8. For machine learning we need to split our data into a train portion for training and a test portion to evaluate how good our model is. Do this with the following code.

In [5]:
from sklearn.model_selection import train_test_split

X_train, X_test, y_train, y_test = train_test_split(vectors, labels, test_size=0.2)

print(X_train.shape)
print(X_test.shape)

(8000, 13169)
(2000, 13169)


We imported the `train_test_split` function from sklearn and split our two arrays (vectors and labels) into four arrays (X_train, X_test, y_train, y_test). The `y` prefix indicates labels and the `X` prefix indicates vectorized data. We use the argument `test_size=0.2` to indicate that we want 20% of our data held back for testing.

We then print out each shape to show that 80% (8000) headlines are in the training set and that 20% (2000) headlines are in the test set. Because each dataset was vectorized at the same time, each still has 13169 dimensions or possible words.

9. Initialise the SVC classifier, train it, and generate predictions with the following code.

In [6]:
%%time

from sklearn.svm import LinearSVC

svm_classifier = LinearSVC()
svm_classifier.fit(X_train, y_train)

predictions = svm_classifier.predict(X_test)
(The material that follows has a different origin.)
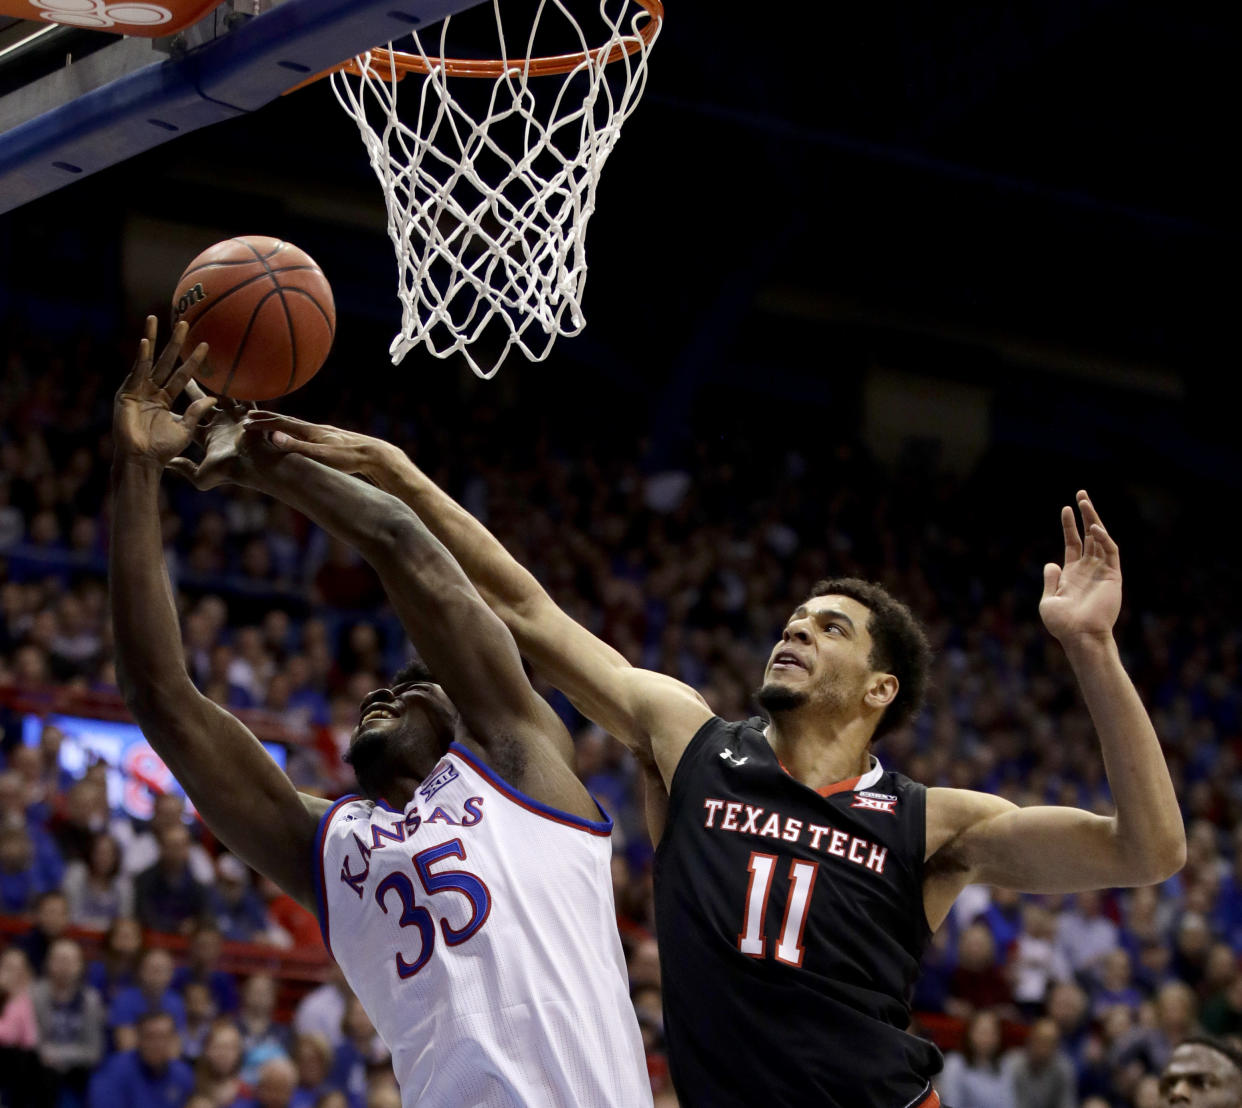 Kansas’ Udoka Azubuike (35) is fouled by Texas Tech’s Zach Smith (11) as he shoots during the first half of an NCAA college basketball game Tuesday, Jan. 2, 2018, in Lawrence, Kan. (AP Photo/Charlie Riedel)

CPU times: user 36.7 ms, sys: 7.66 ms, total: 44.4 ms
Wall time: 50.6 ms


We import the `LinearSVC` model from `sklearn`, and initialise an instance of it. Then we give it the training data and training labels (note that it does not have access to the test data at this stage). 

Finally we give it the testing data, but without the testing labels, and ask it to guess which of the headlines in the held-out test set are clickbait. We call these `predictions`.

To get some insight into what is happening, let's take a look at some of these predictions and compare them to the real labels.

10. Output the first 10 headlines along with their predicted class and true class by running the following code.






In [10]:
print("prediction, label")
for i in range(10):
    print(y_test[i], predictions[i])

prediction, label
1 1
0 0
1 1
0 0
1 1
1 1
1 1
1 1
1 1
1 1


We can see that for the first 10 cases, our predictions were spot on. Let's see how we did over all the test cases.

11. Evaluate how well the model performed using the following code.

In [None]:
from sklearn.metrics import accuracy_score, classification_report

print("Accuracy: {}\n".format(accuracy_score(y_test, predictions)))
print(classification_report(y_test, predictions))


We achieve 97% accuracy, which means around 1940 of the 2000 test cases were correctly classified by our model. This is a good summary score, but for a fuller picture we then print out the full classification report. The model can be wrong in different ways: either classifying a clickbait headline as normal, or by classifying a normal healdine as clickbait. Because the precision and recall scores are similar, we can confirm that the model is not biased towards a specific kind of mistake.